There was a sharp rap on the door. Jo turned as Detective Alfond stuck his head in the room.
“Chief Thibodeau, we need to talk.”
“I’m still in the middle of—”
“ Now. ”
That one word, and the look he gave her, told Jo her evening was about to get much worse. Reluctantly, she stood up and followed him into the hallway, leaving Elizabeth sitting at the table. She shut the door behind her, so they could speak without being overheard.

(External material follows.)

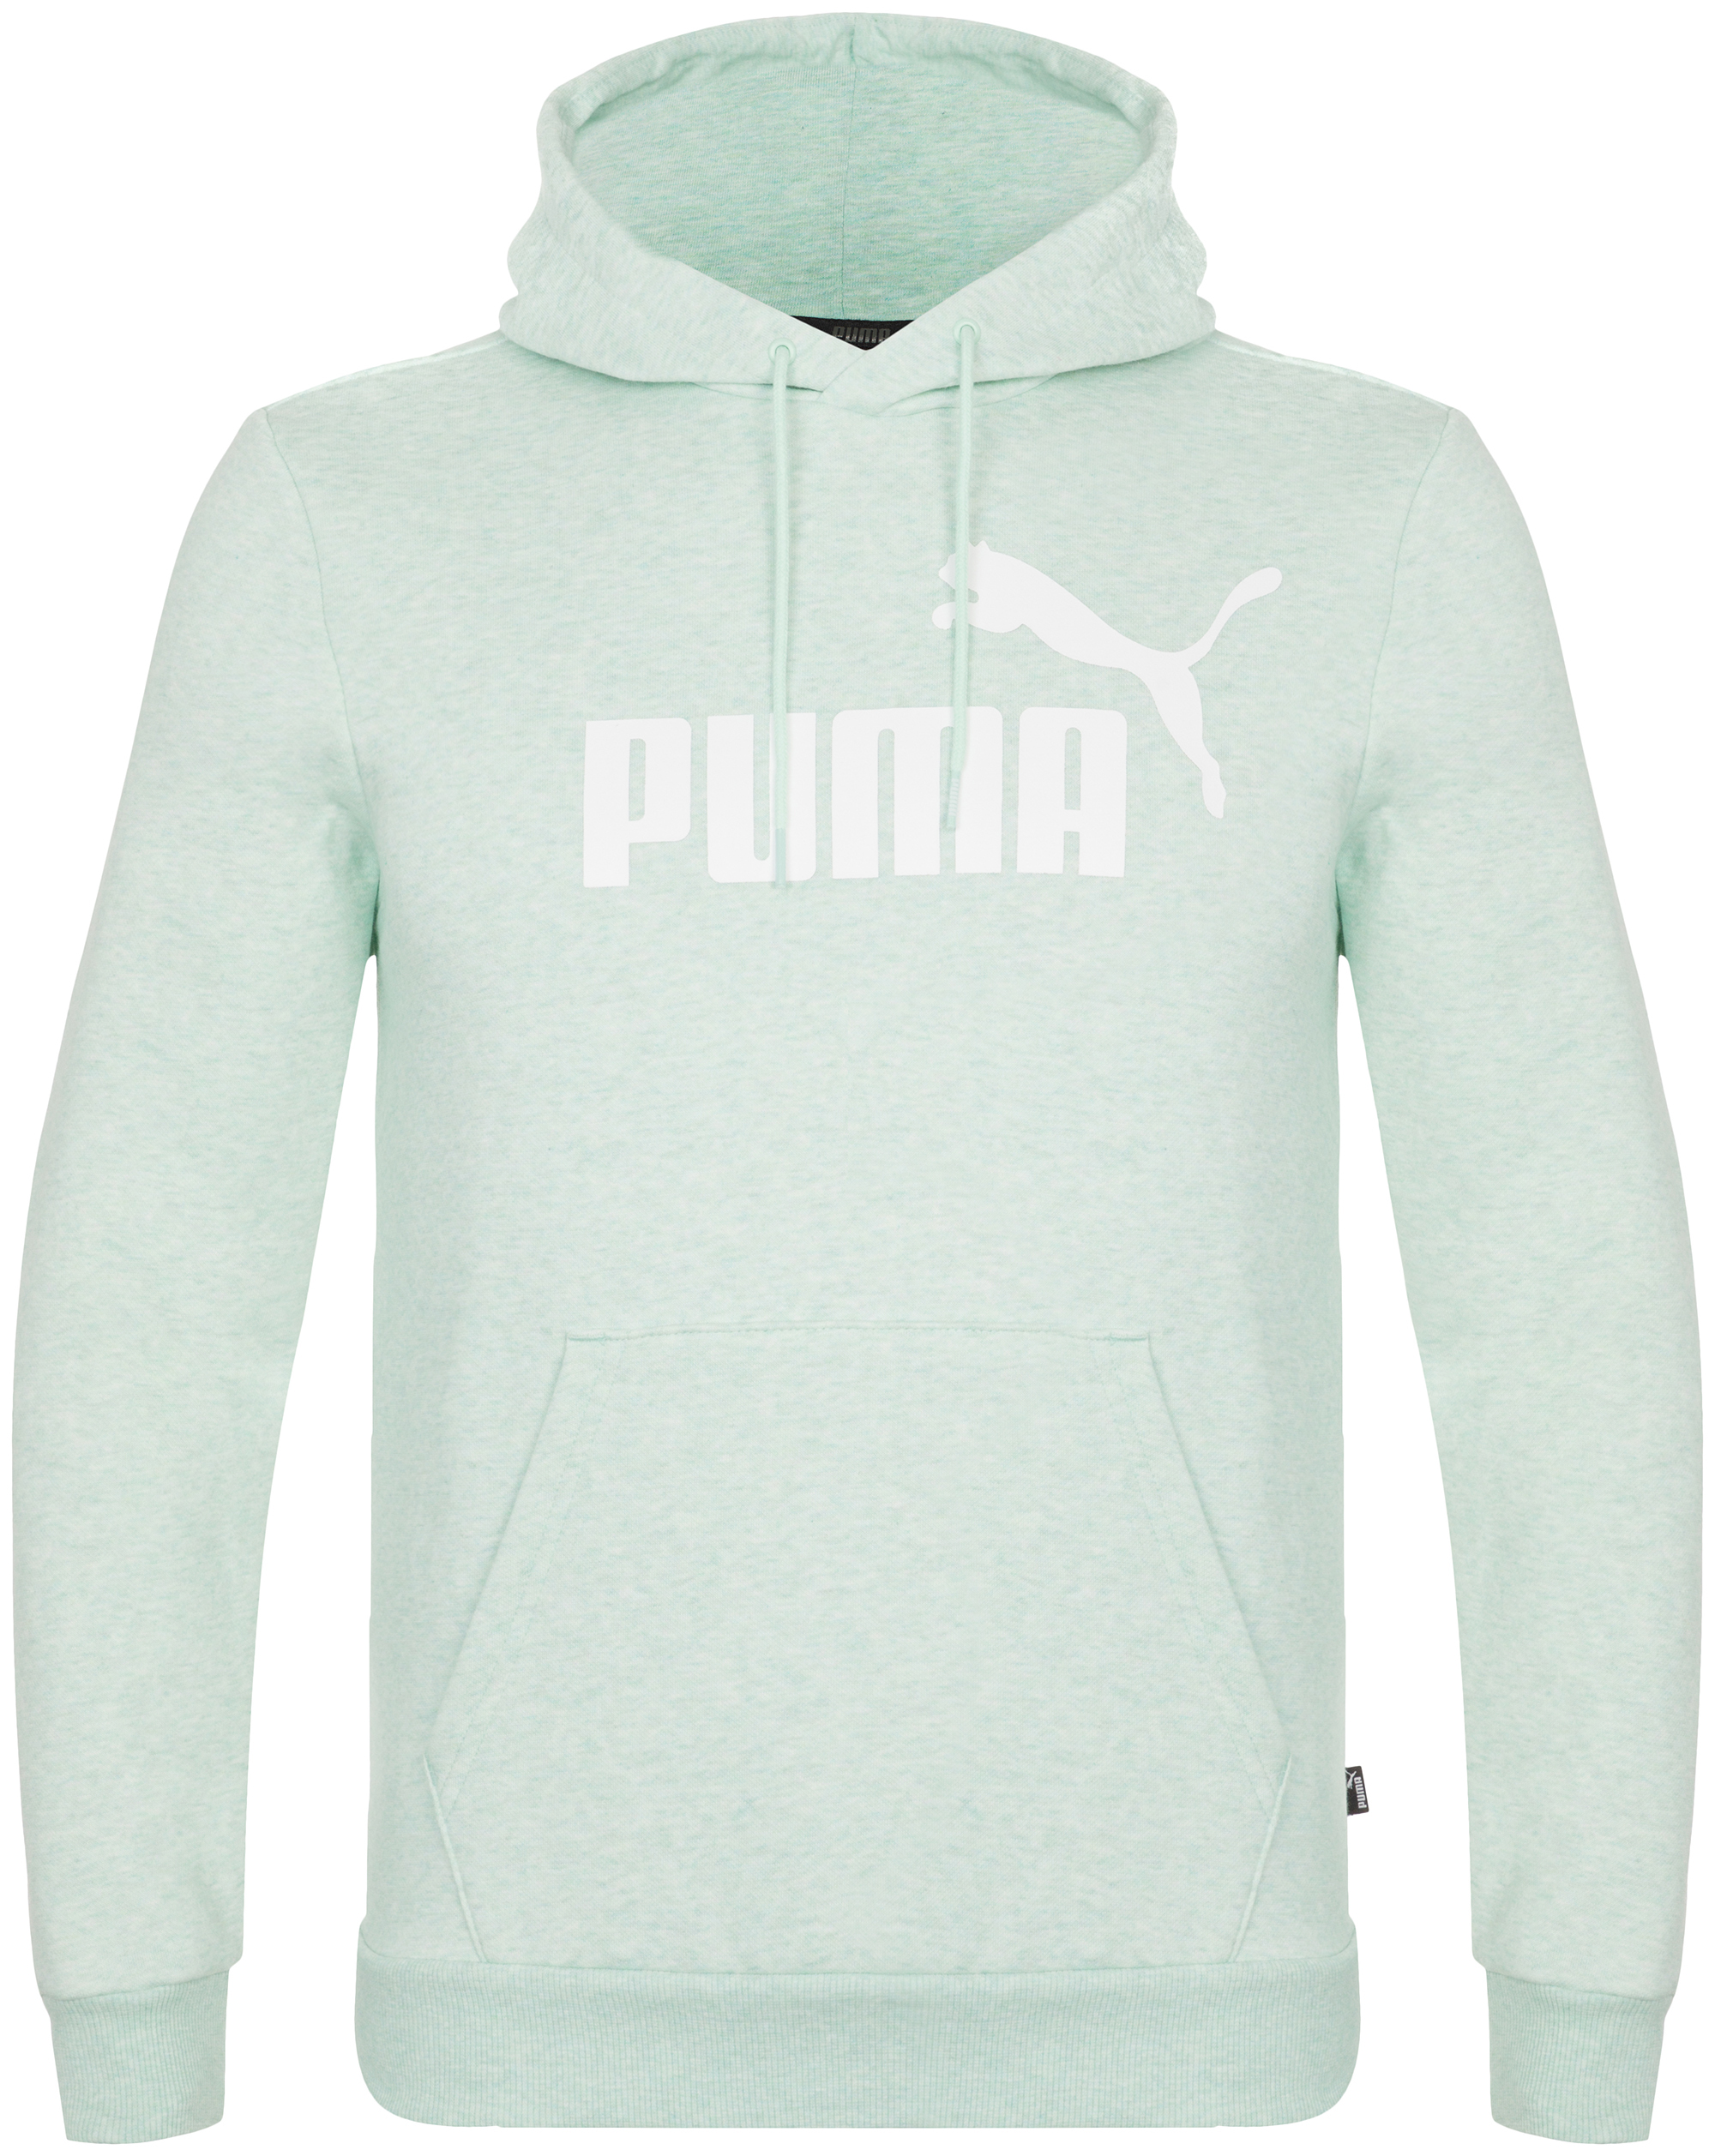 худи женское adidas ess 3s fz hd цвет серый розовый br2438 размер s 42 44 Puma Худи мужская Puma ESS+ Hoody FL, размер 44-46

“This is a total fuckup,” said Alfond.
“Why? What’s going on?”
“You’ve wasted my time and theirs. These are not insignificant people. They have friends in high places, and probably high-priced lawyers too. I’ve already sent Mr. Fox home, and you should let Mrs. Conover go as well, along with a big apology. These people had nothing to do with the bones in the pond.”
“Is that what Arthur Fox told you? Of course he’d say that. They’re not going to come right out and confess.”
“Mr. Fox didn’t have to say a word. The updated crime lab report says it all.” He shoved a sheet of paper at her. “This just came back, along with the facial reconstruction of the skull.”
Jo frowned at the page. “This is about her dental filling?”
“Look at the final analysis.”
Jo skimmed down to the bottom of the page and focused on a paragraph with words so obscure they might have been written in hieroglyphs. She frowned at the words amalgam restorations and polycarboxylate-adhesive liners and composite resins . “What does this mean?”
“Read the conclusion. The other side.”
She flipped over the paper, where the conclusion was printed.
The presence of composite resins used to bind the amalgam on the deceased’s etched tooth structure indicates this dental work was performed sometime after such resins were first introduced for amalgam restorations. Therefore, the estimate of the postmortem interval must be revised. This places the time of death to the mid-1980s or later.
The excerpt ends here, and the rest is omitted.